Insult Upon Injury

Yesterday, accompanied by Dr. P.J. Sinestro, a chiropractor with obscure
mob connections buried deeply in his past, the Dowbrigade took in a Boston University Men’s Varsity
Basketball joust with local rival Northeastern. College sports is one
of the last remaining bastions of pure competition for competition’s
sake on the American sporting scene, and is often overlooked in a 4-sport
Pro town like Boston (6 if you count Soccer and Lacrosse).

It was also our first chance to get a look at BU’s new state-of-the-art
venue, the Agganis Arena. We had seen it once on television, and it looked
small for a major college arena, but in person it was quite impressive,
Jumbotron, ribbon video panels around the balcony, tricked-out lights
and sound. Upcoming events include Widespread Panic, Wrestlemania and
Stars on Ice.

Anyway, as we settled into our courtside seats, we were reminded – again
– that Norma Yvonne is right when she chides that we should make an appointment
to get our hearing checked.

"Ladies and Gentlemen," came the very young and enthusiastic voice of
the booming public address system, "Please stand for the National Anthem."

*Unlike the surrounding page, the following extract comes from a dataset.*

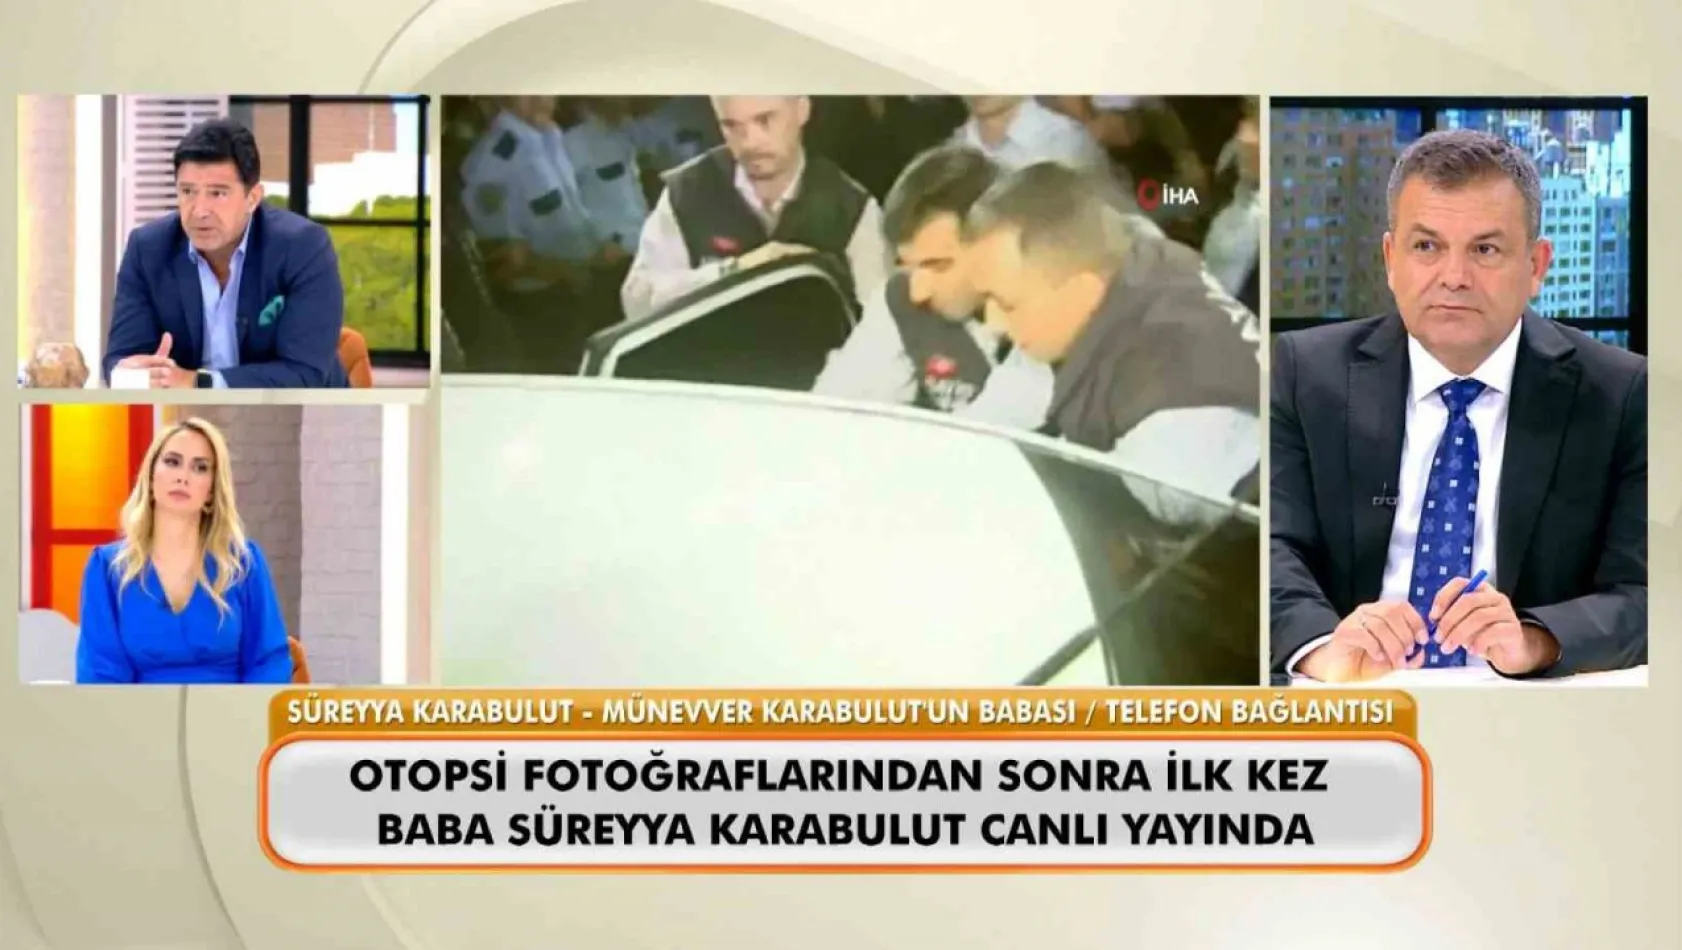 Münevver Karabulut'un babası, Cem Garipoğlu'nun otopsi fotoğraflarını yorumladı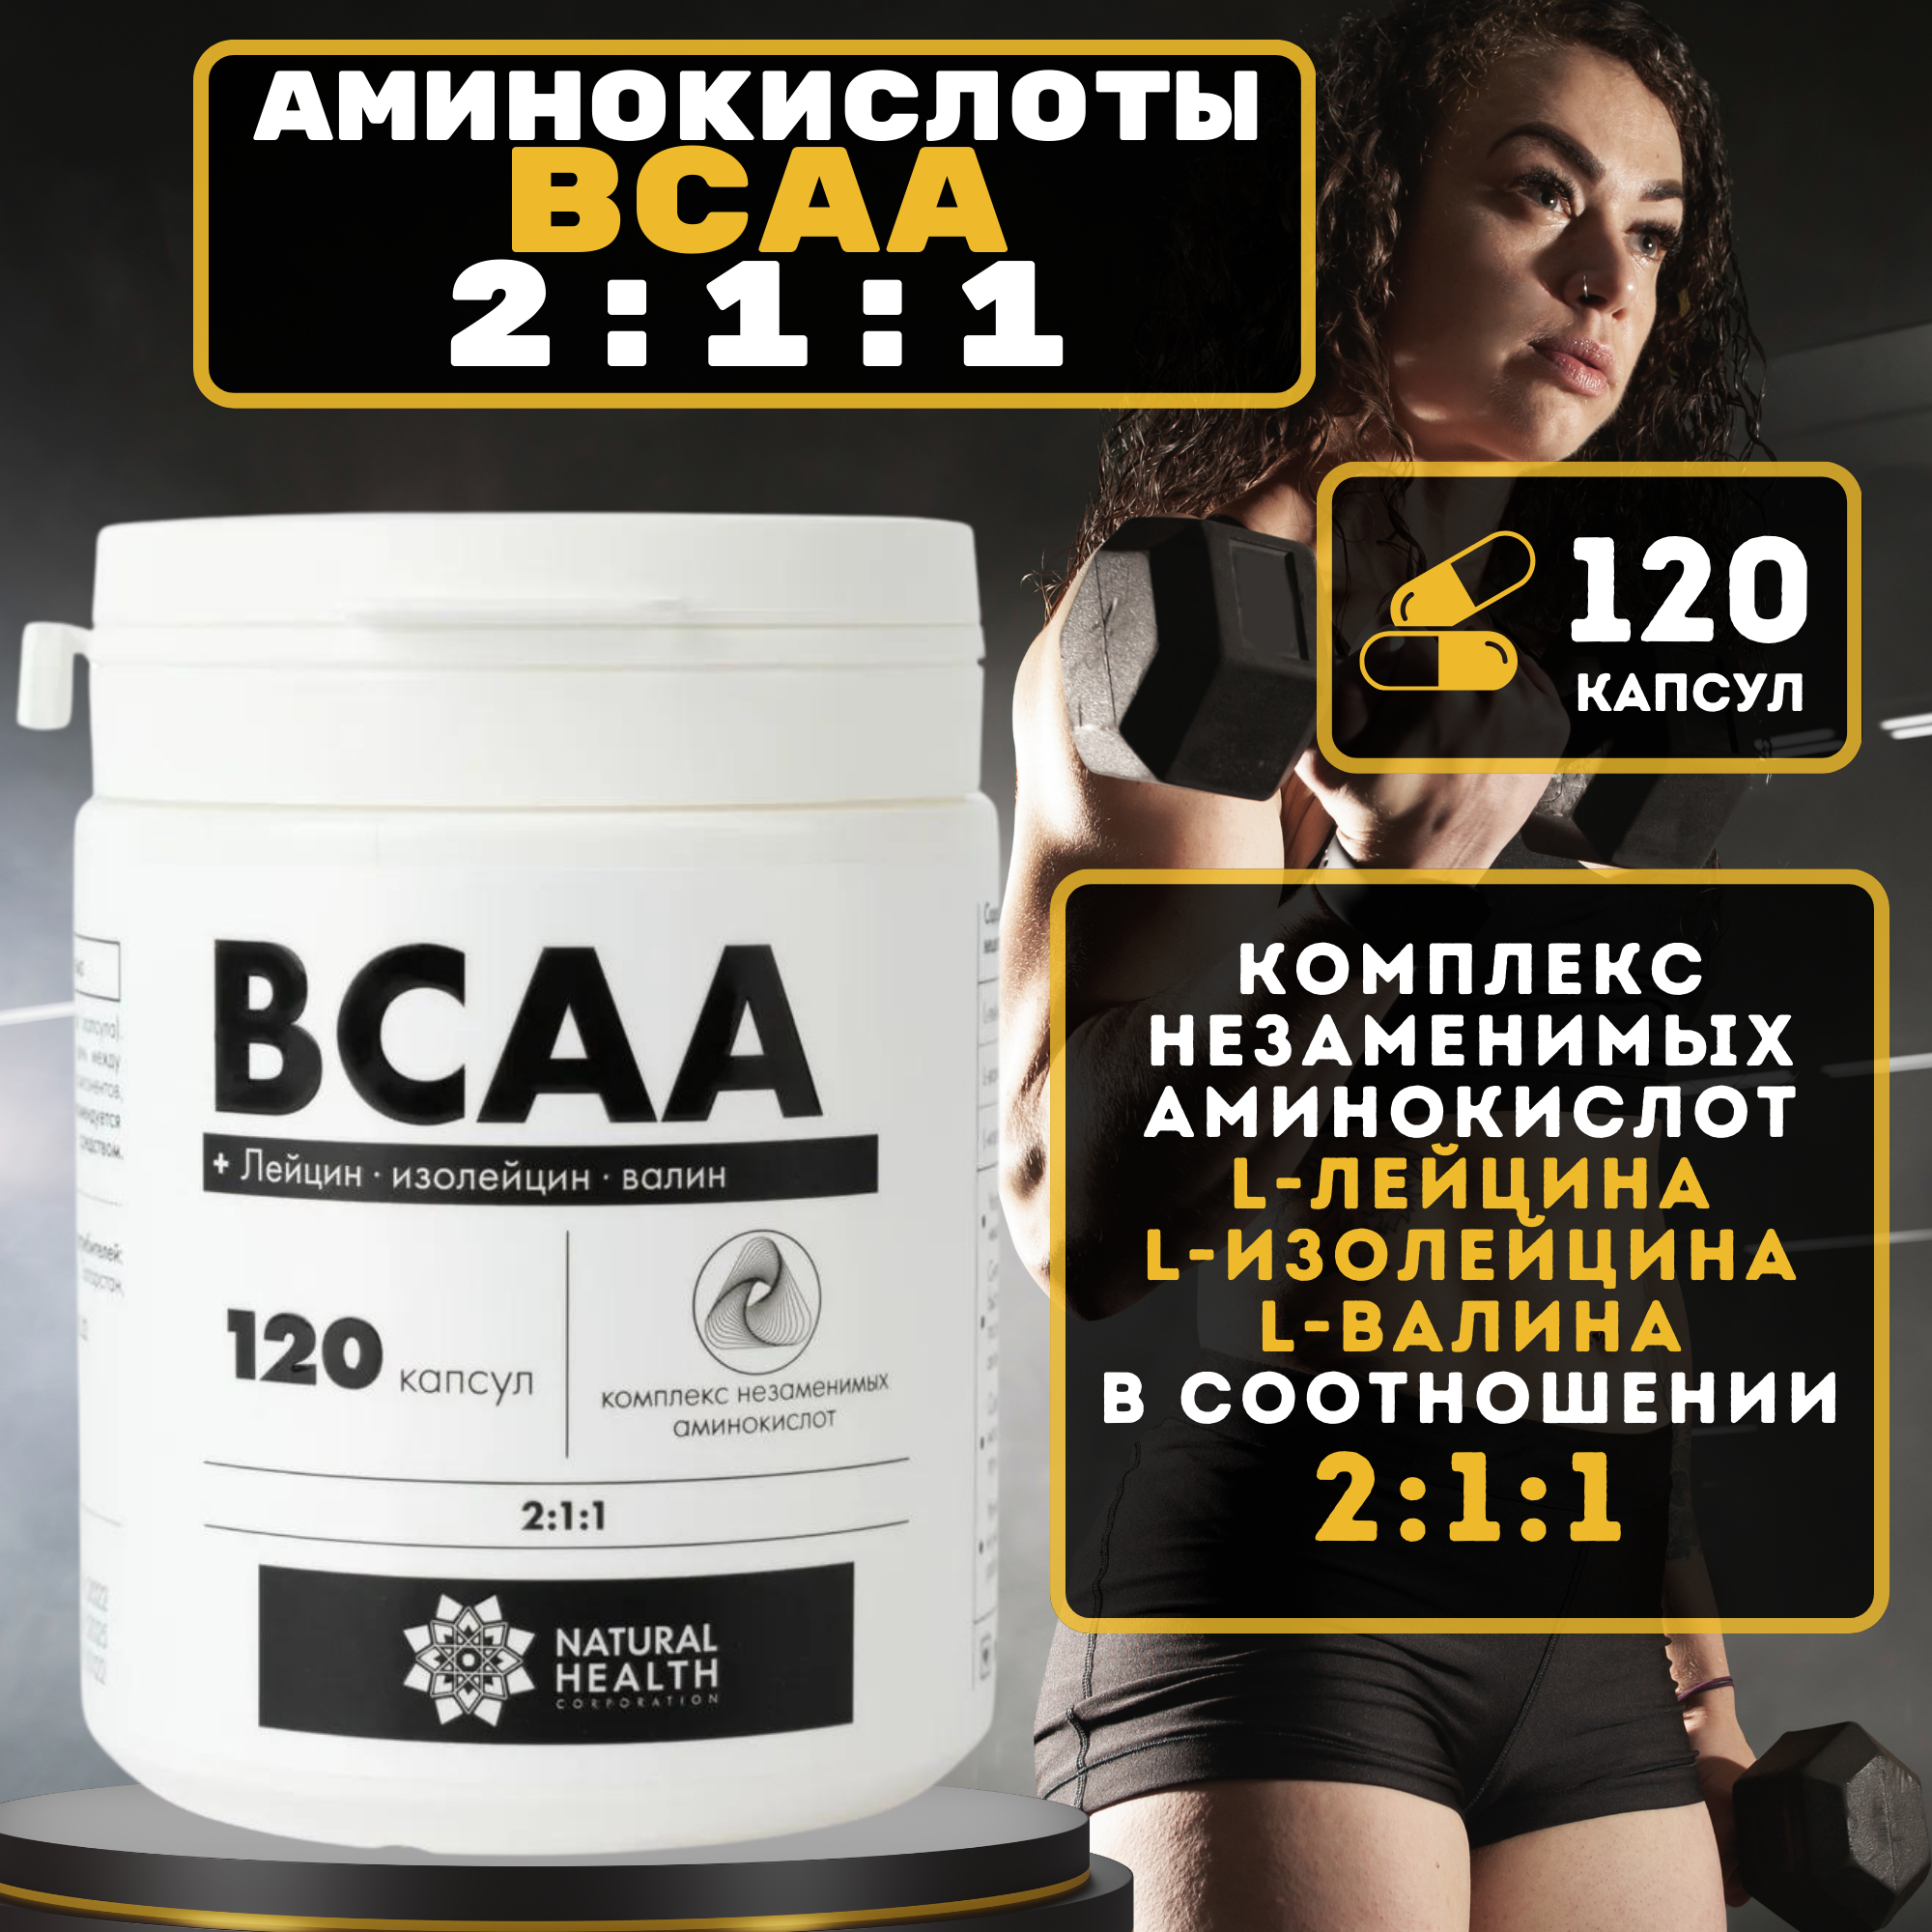 Аминокислоты BCAA 2:1:1 / БЦАА, 120 капсул. Спортивное питание для мужчин и женщин, витамины для мышц и мужского здоровья. Natural Health / Натуральное здоровье

We stood, slowly, still sore from three sets of tennis, but what we
heard next over the PA shocked us.

"Move your ass!"

"Did you just hear what I heard?" we shouted, astonished, to a puzzled
Dr. Sinestro. "How dare he tell us to move our ass?!" We figured some
overly enthusiastic undergrad, overwhelmed by the magnificence of the
facility, had momentarily lost his head.

"What are you talking about?" The Doctor couldn’t decide if he should
worry about our hearing or our sanity. "He just said REMOVE YOUR HATS!"

We stand corrected.  Northeastern won the game 63-48.